静岡県東部地震
静岡県東部地震(しずおかけんとうぶじしん)は、2011年(平成23年)3月15日22時31分46秒頃(日本標準時)に発生した、静岡県東部を震源とする地震[1]。静岡東部地震[3][4][5]、静岡地震ともいう。地震の規模はマグニチュード6.4。静岡県富士宮市で最大震度6強を観測した。 概要地震の概要静岡県東部の北緯35度18分30秒、東経138度42分48秒、深さ約14kmの地点を震源とする。震源は富士山南麓で、大陸プレート内地震であるが、この場所から過去に活断層は発見されていない[6]。マグニチュードは暫定値で6.4(Mw 6.0)と推定され、静岡県富士宮市では震度6強を記録した[1]。最大加速度は防災科学技術研究所が設置した富士宮観測点で1076galを記録している[7]。この地震により静岡県内で22人の負傷者などが出た[8]。 発震機構は「北北西ー南南東方向に圧力軸を持つ、北北東ー南南西走向の左横ずれ断層」である[9]。なお、国土地理院の観測結果によれば、この地震によって、静岡県裾野市は東方向に、富士宮市は西方向に、それぞれ1センチメートルから3センチメートルほど移動した[10]。また、富士山5合目の地面に長さ20mに及ぶ亀裂が生じた。これらは土砂崩落の恐れがあるため、定期的な測量が行われている[11]。 他の地震との関連東海地震との関連地震調査研究推進本部の地震調査委員会は、地震発生翌日に臨時会合を開催し、想定される東海地震との関連性について検討を重ねた。その結果、「東海地震の想定震源域の近くで発生しているが、想定東海地震とは異なる発震機構で発生した地震である」[9]と結論づけ、東海地震との関連性を否定した[12][13][14][15]。

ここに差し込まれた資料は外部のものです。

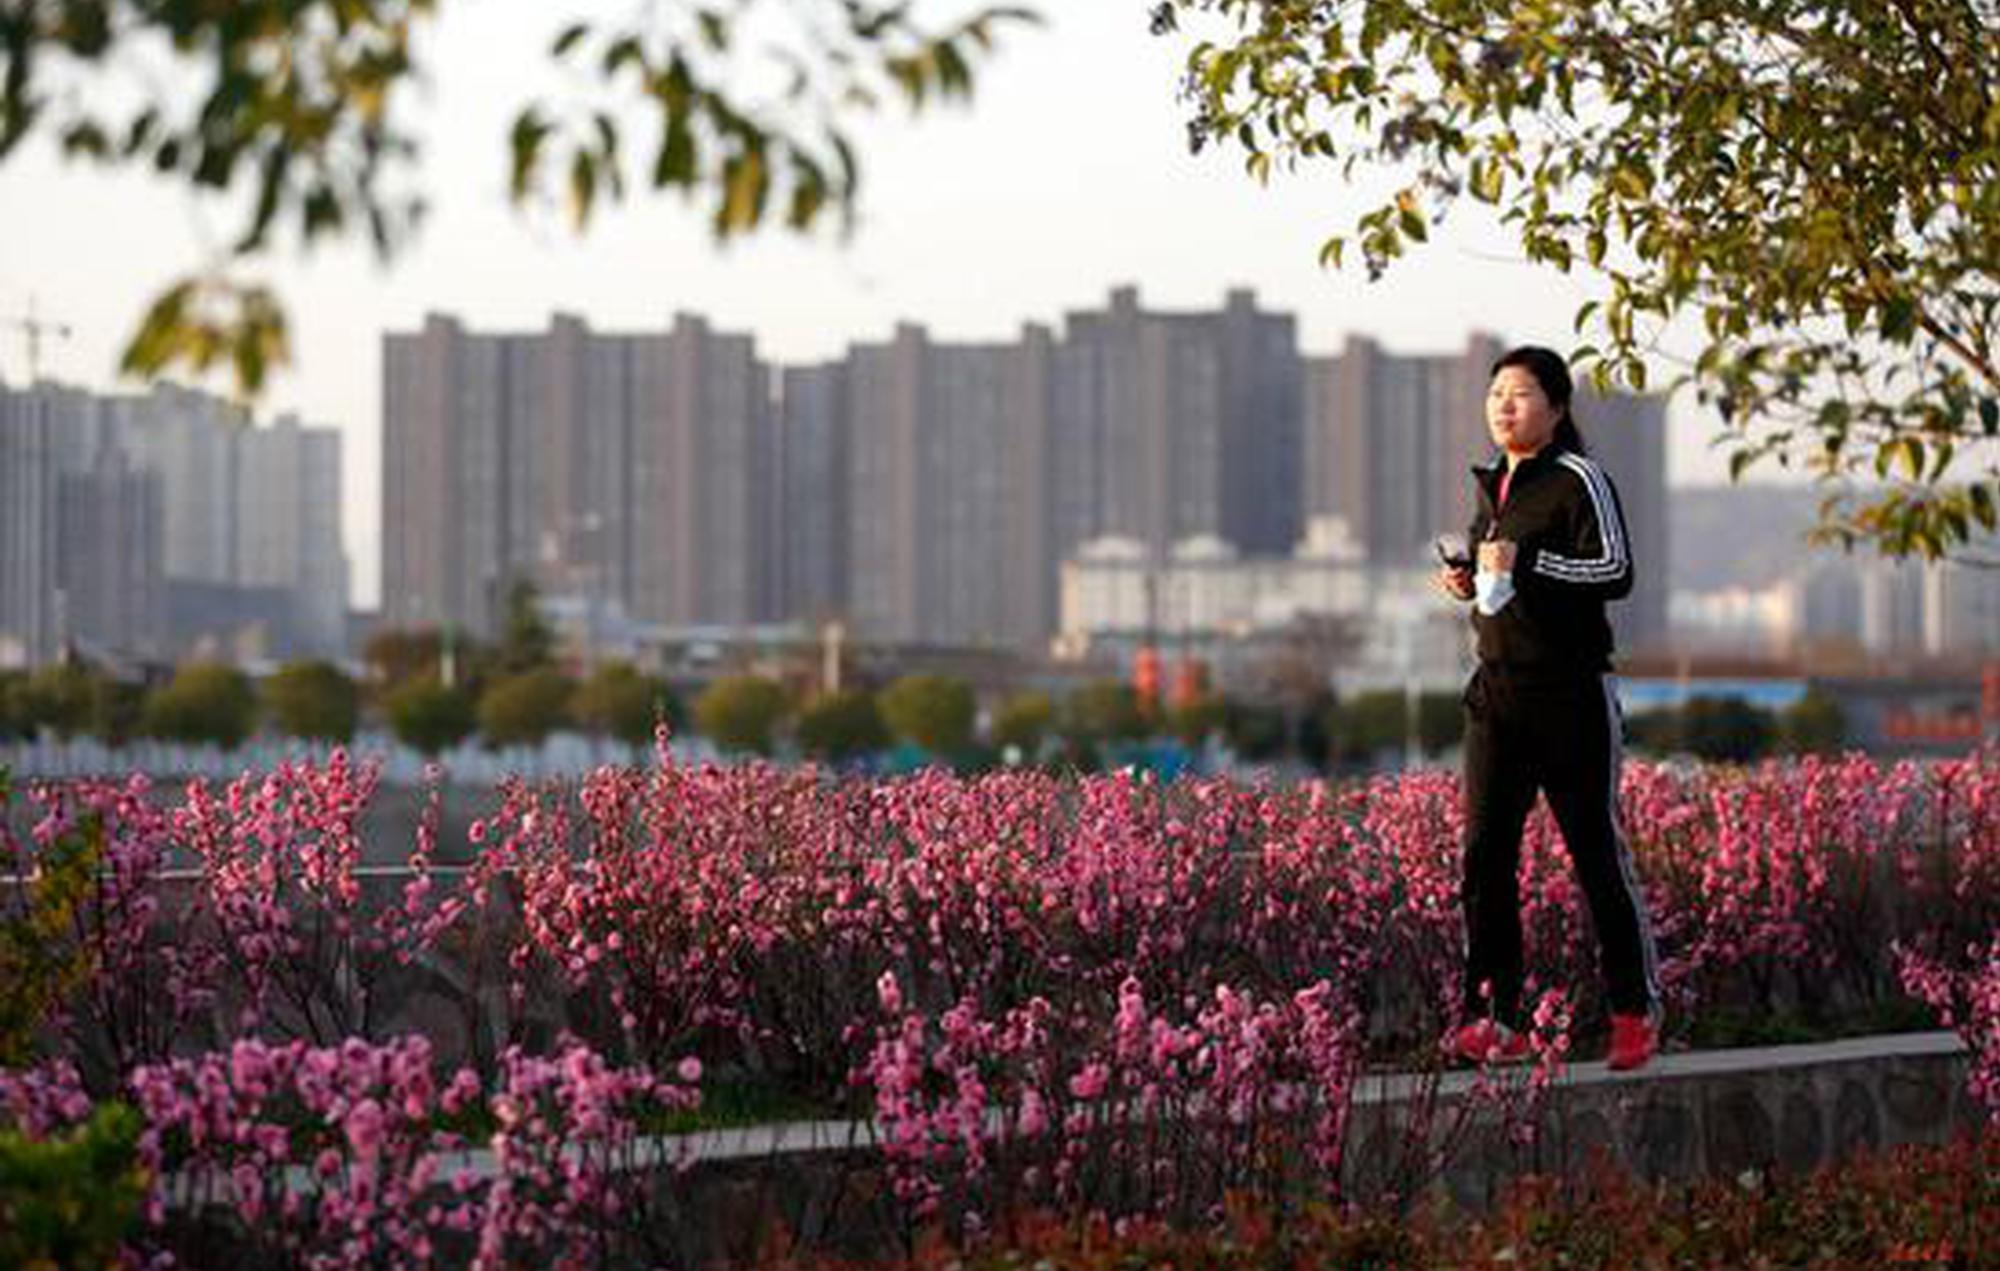 渭南:春分时节春意浓

なお、地下構造とプレートテクトニクスの観点から見た場合、静岡県東部地震は横ずれ断層による大陸プレート内地震であるが、東海地震はプレート間地震(海溝型地震)が想定されている。 委員長の阿部勝征は、静岡県東部地震と東海地震の発震の仕組みについて「メカニズムが異なる」[12]と指摘し、両者の関連性を否定した。また、気象庁の観測結果の分析でも、各地に設置された歪み計には、東海地震に直結するような異常値は記録されていなかった[9][13][15]。これらに基づき、「想定されている東海地震に直接結びつくものではない」[14]との結論に至った。 東北地方太平洋沖地震との関連→「東北地方太平洋沖地震の前震・本震・余震の記録」も参照
気象庁は4日前に発生した東北地方太平洋沖地震との関連性について、「地震のメカニズムや震源域が異なり直接の関係はない(余震ではない)と思われるが、それ以上は分からない」との見解を示している[16][17]。 地震調査研究推進本部の地震調査委員会は、東北地方太平洋沖地震との関連性について検討を重ねた。その結果、東北地方太平洋沖地震は「概ね東西方向に伸張、南北方向に圧縮するひずみを、広域にわたり与えて」[9]いると指摘したうえで、「今回の地震はその影響によって発生した可能性は否定できない」[9]と結論づけた。 東北地方太平洋沖地震の際には、水平方向に4メートル以上の水平変動が記録されており、大きな地殻変動が発生していた[9][13]。その結果、東西に対して伸張するとともに、南北には圧縮する歪みを、広い範囲にわたって与えていた[9][13]。委員長の阿部勝征は「具体的な関連は分からない」[14]としながらも「マグニチュード9.0という大変大きな規模の地震だったことから、何らかの影響はあったと考えられる」[14]と言及し、東北地方太平洋沖地震に誘発されて静岡県東部地震が発生した可能性を指摘した[15](なお東北地方太平洋沖地震翌日の12日には、本地震と同様に誘発されたと考えられる長野県北部地震が発生している)。さらに、阿部は「巨大な海溝型の地震の前後で被害が出るような内陸型の地震が発生するのはよく知られている」[13]と述べ、直接的な関連があると確認されていないものの、その具体例として東南海地震や南海地震の前後に鳥取地震・三河地震・福井地震が発生した事例を挙げ、警戒を怠らないよう訴えた[13]。 富士山噴火との関連火山噴火予知連絡会副会長の中田節也は、震源が富士山のマグマだまりのすぐ上、山頂の南4kmの深さ約15kmであったことから、「あのとき、富士山が噴火しなかったのが不思議でならない」と述べている。 また、歴史的類似性が専門家の憂慮の元になっている。火山噴火予知連絡会会長藤井敏嗣は「20世紀半ば以降のM9を超える5つの地震すべてで、火山の噴火が例外なく誘発されている」と述べた。千葉大学准教授の津久井雅志は「平安時代に起きて20世紀以降にない大きな地震・噴火は、富士山噴火と東海・東南海・南海の連動地震ぐらいだ[注 1]」と述べている[18]。 緊急地震速報2011年3月15日22時31分55秒(日本標準時)、気象庁により緊急地震速報(警報)が山梨県・神奈川県の全域、静岡県の東部と伊豆地方と中部に発表された[19]。地震を検知してから3.5秒後に発表されたことから、震源から離れた地域では揺れが到達する前に速報が発表された。 震度震度4以上の揺れを観測した地点は以下の通り[20]。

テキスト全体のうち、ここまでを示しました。